Sacramento-area scientists say salmon could live, even thrive, in the Yolo Bypass floodplain
Project Nigiri explores how to make fish more sustainable
The fields of the Sacramento River floodplain generate much of the nation’s rice supply—but if managed just right, it seems they could also help produce wild fish.
A two-year experiment led in part by UC Davis scientists has revealed that baby chinook salmon can thrive in submerged rice paddies, where sun-warmed waters generate algae and phytoplankton that provide essential food for young fish and other creatures.
Before the Sacramento River was tamed with dams, levees and canals, vast floods were a regular event, according to Jacob Katz, a biologist with the nonprofit CalTrout, who has directed the so-called “Nigiri Project”—symbolically named for the classic sushi presentation of raw fish served on a wedge of rice.
This historic ephemeral swamp, he says, helped support huge populations of animals.
“The ducks that blackened the sky and the runs of 2 million salmon that once came up the Sacramento River were produced by the incredible productivity of these marshlands,” Katz said.
To produce their results, the researchers replicated the historic flood events of the Sacramento Valley by artificially inundating a small rice field in the Yolo Bypass floodplain in early 2012 and again in 2013. Each time, they released thousands of young salmon into the shallow waters.
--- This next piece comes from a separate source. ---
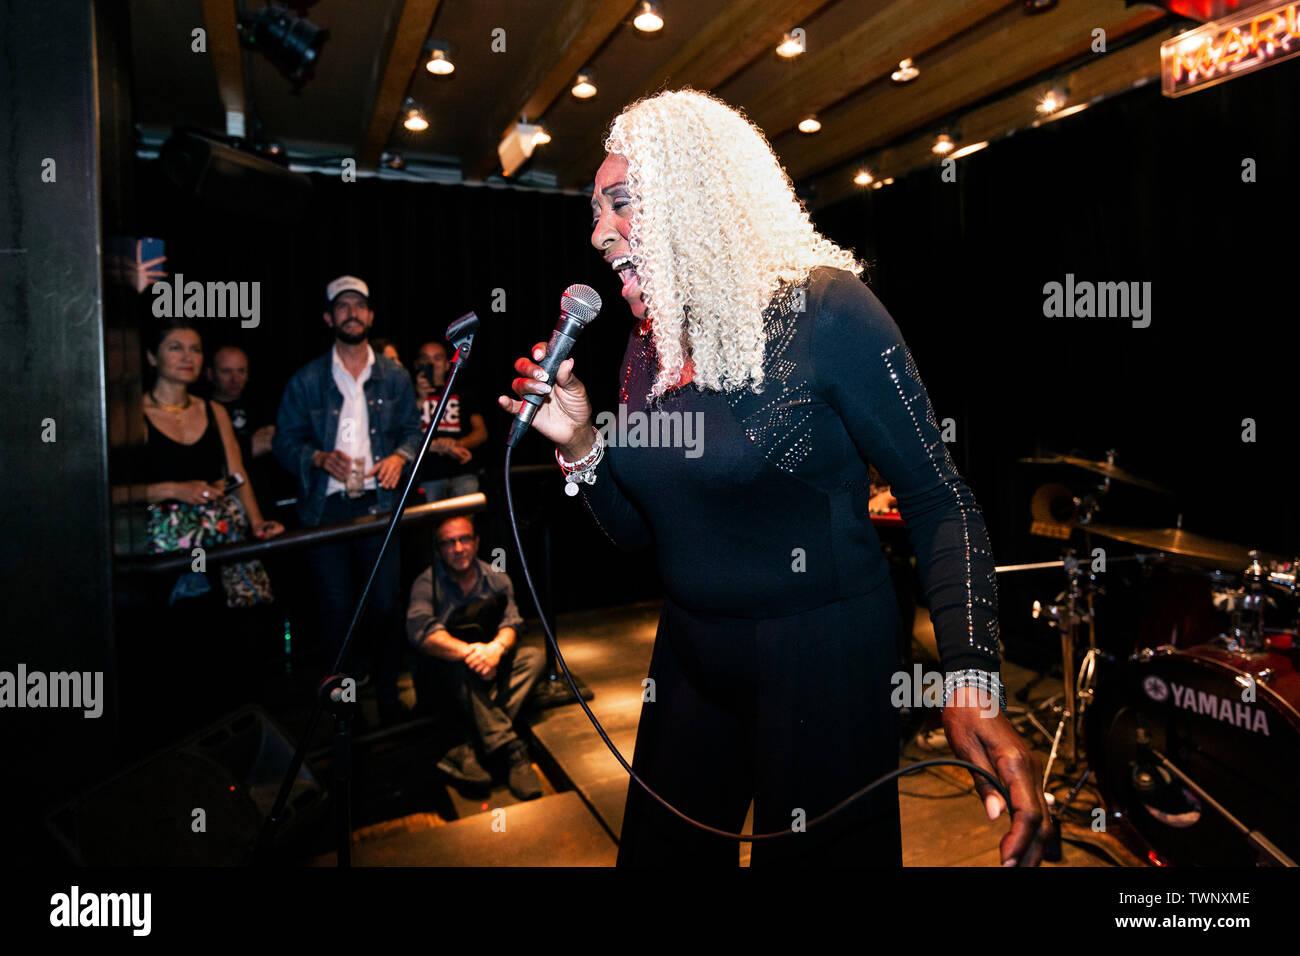 Barcelona, Spain. 15.06.2019. Concert by Martha High in Marula Café. Photographer: Aitor Rodero. - Stock Image

After several weeks, the scientists recaptured and measured their sample fish. They found that the salmon from the flooded fields had grown remarkably fast and were between 3- and 3.5-inches long. By comparison, baby chinook salmon of the same age in free-flowing sections of the Sacramento measure about 2 inches long. That’s because cold, fast-flowing river water provides relatively little shelter for baby salmon, as well as relatively little to eat, according to Katz.
“But these flooded marshes are like a buffet for baby fish,” he said.
Such a size difference in young fish can give them the advantage they need to survive to adulthood in the ocean, where salmon spend most of their lives. This makes the Nigiri Project’s findings potentially valuable to the struggling chinook salmon population, which has fallen to record low levels in recent years.
Katz has collaborated on the Nigiri Project with Carson Jeffres, a biologist with the UC Davis Center for Watershed Sciences, and Ted Sommer and Louise Conrad, both with the state. In the 2013 rendition of the experiment, they released some 50,000 fish onto 18 acres of fields, donated temporarily to science by Cal Marsh and Farm Ventures, a group of landowners.
But Katz believes there may be as many as 10,000 acres of farmland that could be made available for use as seasonal fish nurseries.
Jeffres noted that rice production would not be impacted by the program.
“We would just need water out there for a window of several weeks between January and March, before the farmers start planting in the spring,” Jeffres said.
Jeffres and Katz’s hope is that government agencies will incorporate the methods of the Nigiri Project into the state’s wildlife-management programs. The idea is to take advantage of Sacramento Valley flood events, which occur once every two or three years, by containing the water on the fields even after the swollen river subsides.
Katz points out that the full-scale size of his experiment makes replicating the concept a cinch for fishery managers.
“Experiments like this are usually done in Tupperware at UC Davis,” he said. “But we made sure that our research could be as easily transferable to management as possible.”
And if the plan unfurls as Katz and Jeffres envision, we can have our fish—and eat our rice, too.